With this in mind, our 21 bytes looks like this:
;; There are 21 bytes available here
dd 0
dd 0
dw 0x20
dw 0x01
dd 0
dd 0
db 0
At this point the code remains fully operational on x86 and works in EVM with a clean termination:
PUSH32 0x454c46010000000000000000004305020003001a0043051a00430504000000eb
ISZERO
STOP
What do we even want to do in EVM? Probably something like this:
6C.. push13 "hello, world"
3D returndatasize
52 mstore
600c push1 12
6014 push1 20
F3 return
It clearly won't fit into the 8 or 9 bytes around the required header fields. There are two paths we can take:
- use a different jump offset to have more free space,
- or jump to the end of the file and ignore some of the 21 bytes.
I decided for the latter for a secondary reason: to reuse the hello, world
text already present there. Now our code looks like this:
_start: inc ebx ; 1 = stdout file descriptor
add eax, strict dword 4 ; 4 = write system call number
db 0xeb ; short jump 21 bytes forward
db 0x15 ; EVM: ISZERO
;; There are 21 bytes available here
db 0x60, 69 ; EVM: PUSH1 69
db 0x56 ; EVM: JUMP
db 0
dd 0
dw 0x20
dw 0x01
dd 0
dd 0
db 0
mov ecx, msg ; Point ecx at string
mov dl, 13 ; Set edx to string length
int 0x80 ; eax = write(ebx, ecx, edx)
xor al, 13 ; "error code" 0 if exact amount was written
xchg eax, ebx ; 1 = exit system call number
int 0x80 ; exit(ebx)
;; This is the absolute offset 69 the EVM jumps to
db 0x5b ; EVM: JUMPDEST
msg: db 'hello, world', 10
Notice that we simplified the cryptic and eax, 0x10020
statement as it isn't needed anymore for header-matching.
The next step is to insert our EVM code around the text there:
;; This is the absolute offset 69 the EVM jumps to
db 0x5b ; EVM: JUMPDEST
db 0x6c ; EVM: PUSH13
msg: db 'hello, world', 10
db 0x3d ; EVM: RETURNDATASIZE
db 0x52 ; EVM: MSTORE
db 0x60, 12 ; EVM: PUSH1 12 (avoid the new line character)

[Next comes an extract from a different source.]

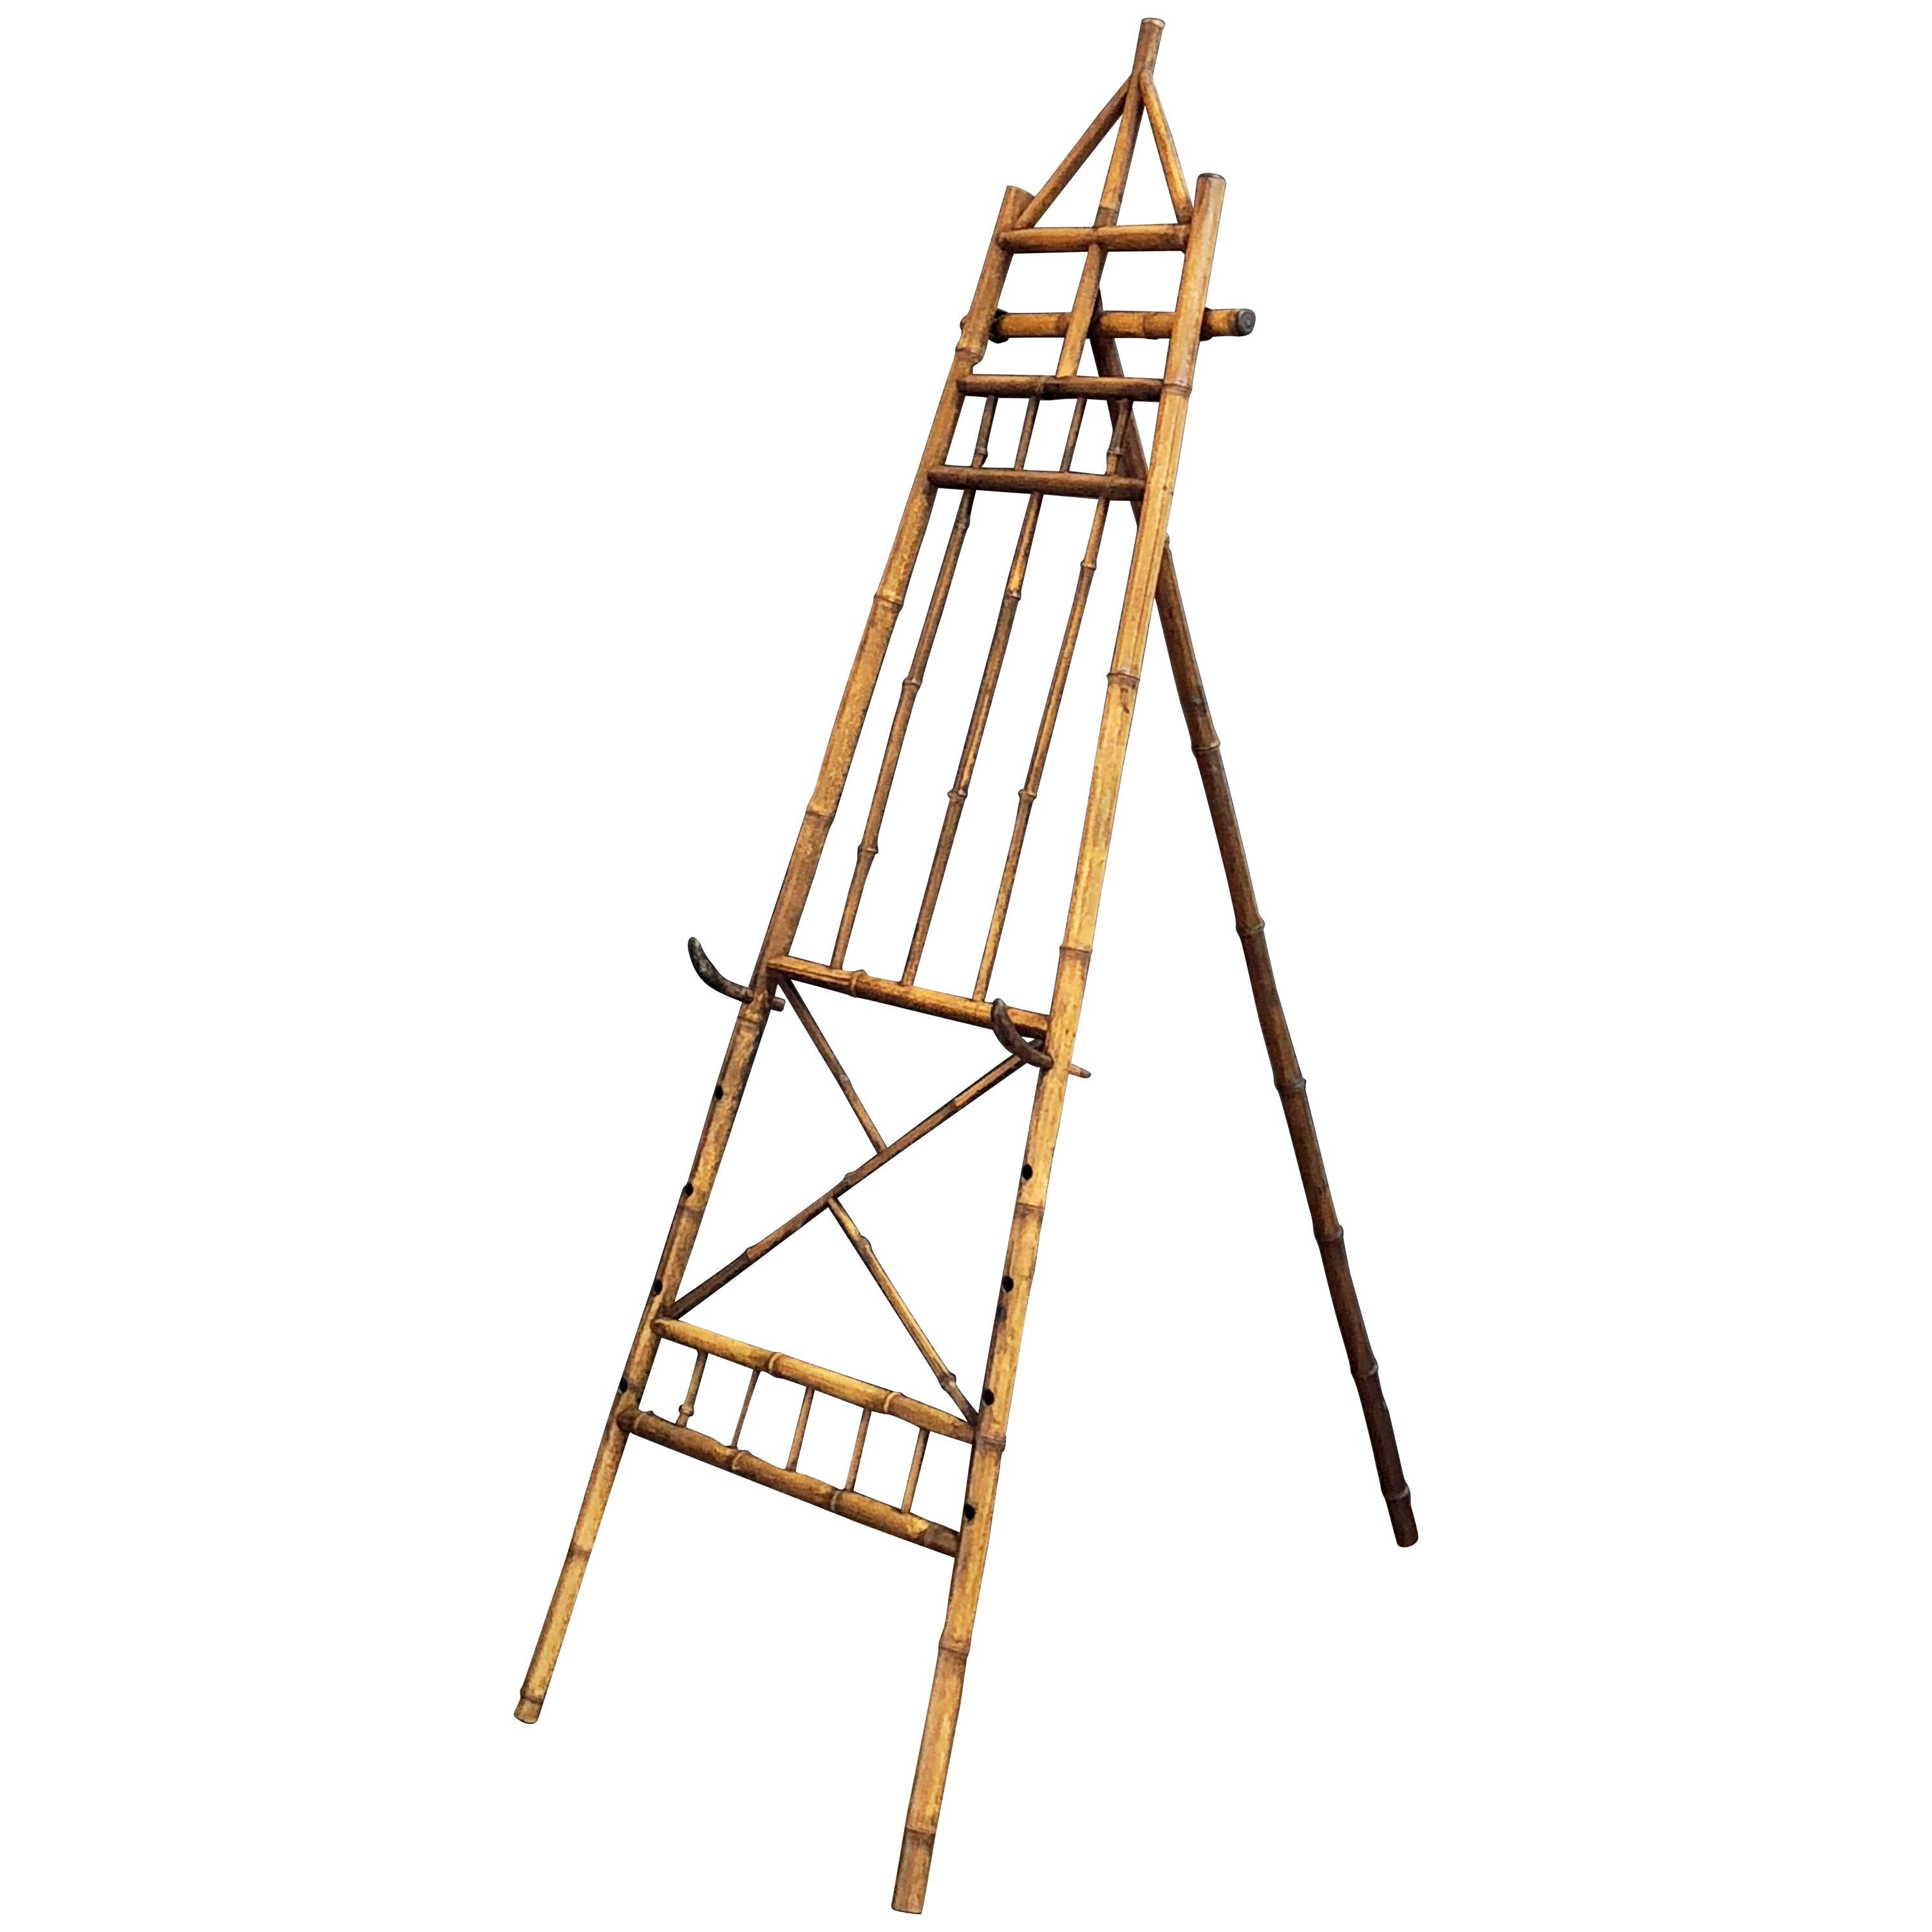 English Bamboo Display Easel from the Aesthetic Movement Period

db 0x60, 19 ; EVM: PUSH1 19 (offset to string)
db 0xf3 ; EVM: RETURN
Also remember that we already have the value 0 on the stack from the header, and so we could replace the returndatasize
instruction with swap1
. It would cost slightly more gas, but no stray items would be left on the stack.

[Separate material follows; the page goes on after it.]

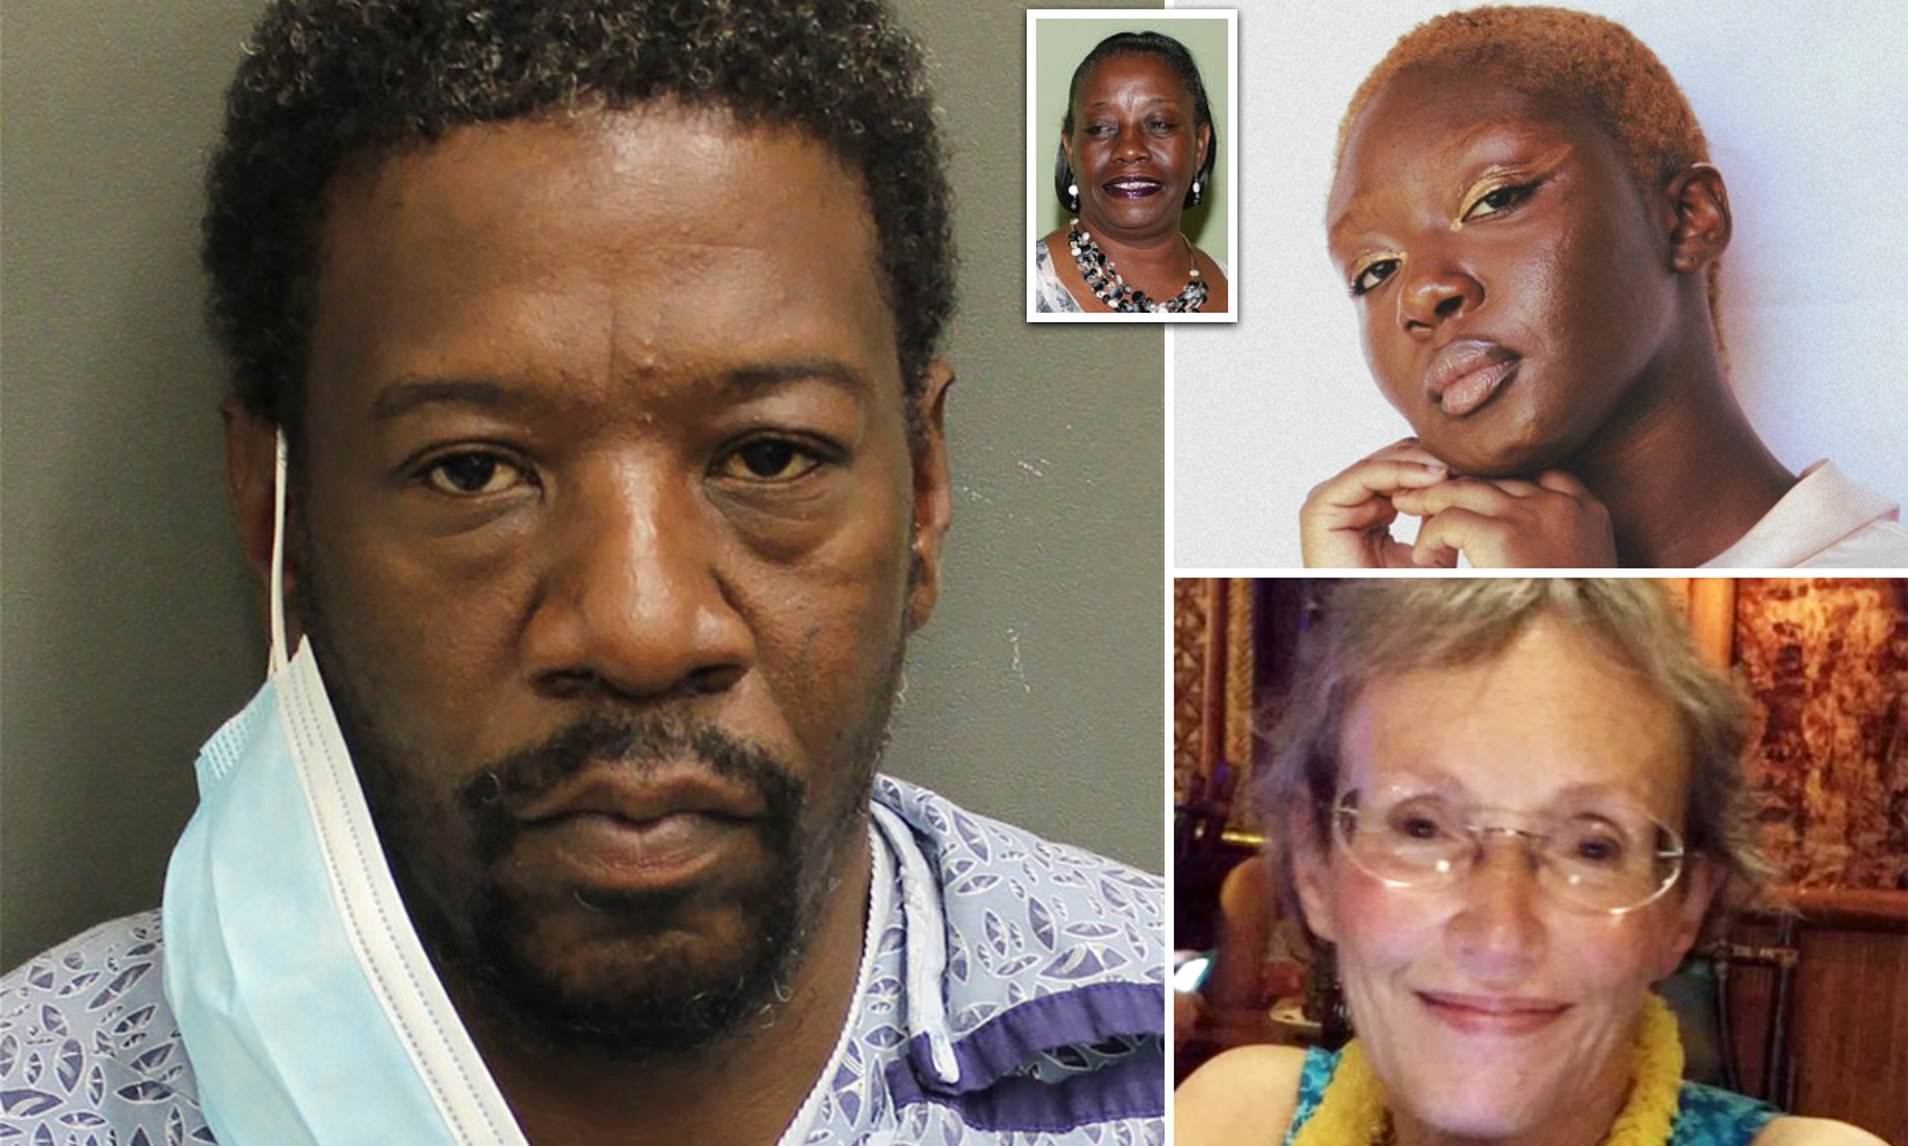 Florida Man Pleads Guilty to Kidnapping and Murder of Black Lives Matter Activist and Retired State Worker, Sentenced to Life in Prison

The final proof of concept is the following:
;; evm.elf is an experiment to make the same bytecode executable as ELF and EVM.

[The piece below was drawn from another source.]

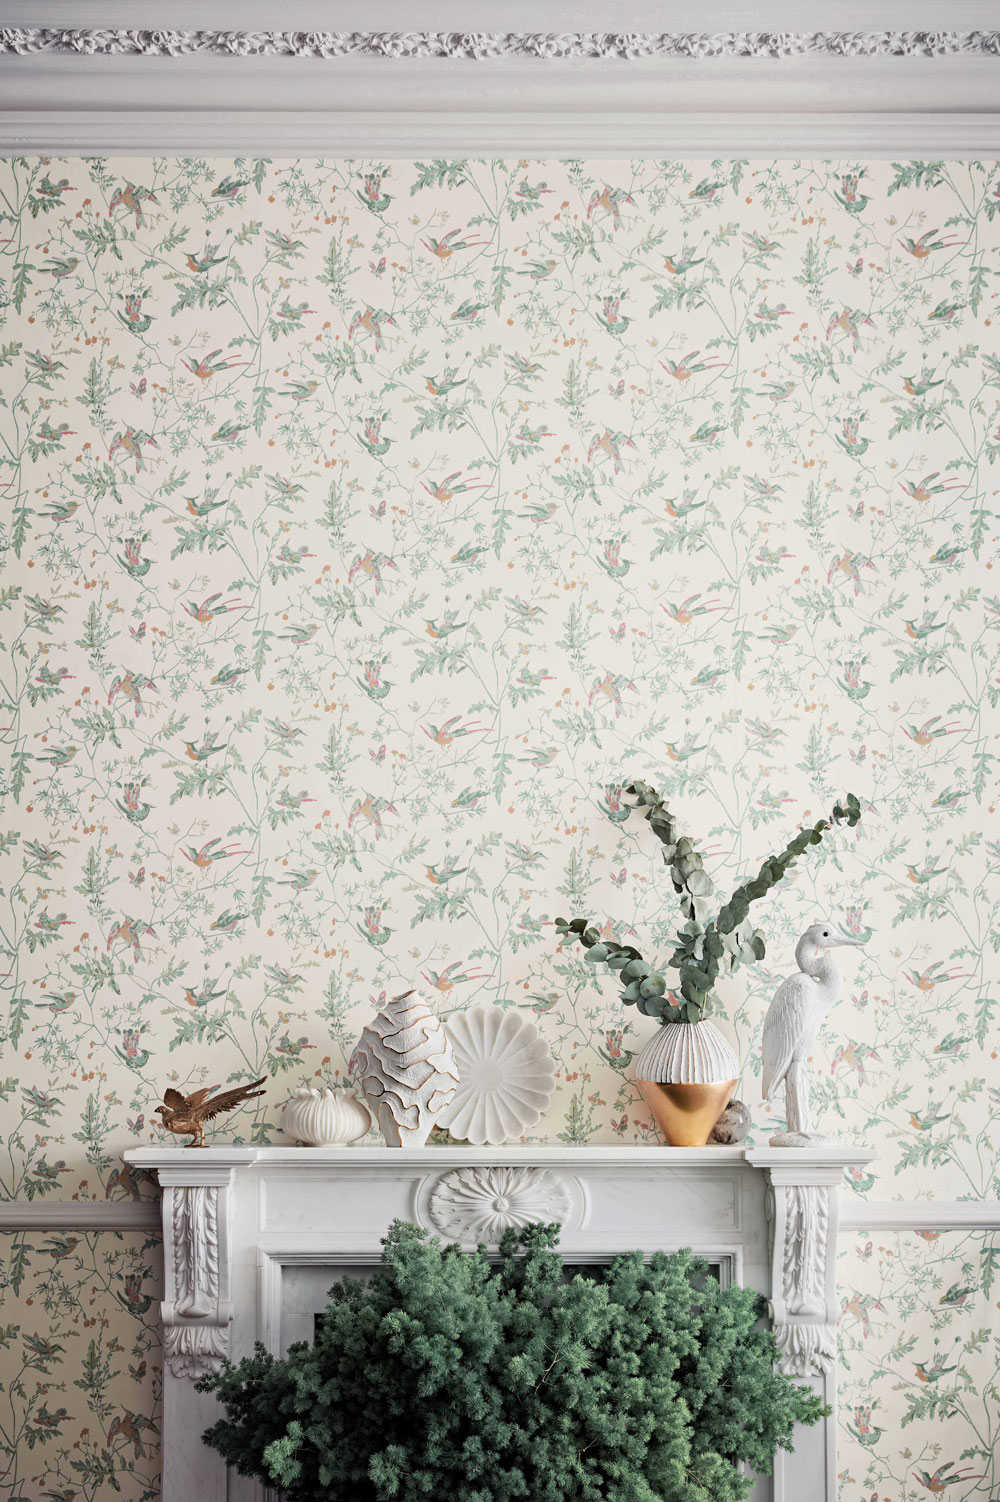 Hummingbirds Wallpaper - Pastel - by Cole & Son

;; Source code and explanation to be found at https://github.com/axic/evm.elf
;; (C) Alex Beregszaszi
;;
;; Based on:
;; hello.asm: Copyright (C) 2001 Brian Raiter <breadbox@muppetlabs.com>
;; Licensed under the terms of the GNU General Public License, either
;; version 2 or (at your option) any later version.
;;
;; To build:
;; nasm -f bin -o hello hello.asm && chmod +x hello
;; To use as EVM:
;; xxd -ps -c 1000 hello > hello.evm
BITS 32
org 0x05430000
db 0x7F, "ELF"
dd 1
dd 0
dd $$
dw 2
dw 3
dd _start
dw _start - $$
_start: inc ebx ; 1 = stdout file descriptor
add eax, strict dword 4 ; 4 = write system call number
db 0xeb ; short jump 21 bytes forward
db 0x15 ; EVM: ISZERO
;; There are 21 bytes available here
db 0x60, 69 ; EVM: PUSH1 69
db 0x56 ; EVM: JUMP
db 0
dd 0
dw 0x20
dw 0x01
dd 0
dd 0
db 0
mov ecx, msg ; Point ecx at string
mov dl, 13 ; Set edx to string length
int 0x80 ; eax = write(ebx, ecx, edx)
xor al, 13 ; "error code" 0 if exact amount was written
xchg eax, ebx ; 1 = exit system call number
int 0x80 ; exit(ebx)
;; This is the absolute offset 69 the EVM jumps to
db 0x5b ; EVM: JUMPDEST
db 0x6c ; EVM: PUSH13
msg: db 'hello, world', 10
db 0x3d ; EVM: RETURNDATASIZE
db 0x52 ; EVM: MSTORE
db 0x60, 12 ; EVM: PUSH1 12 (avoid the new line character)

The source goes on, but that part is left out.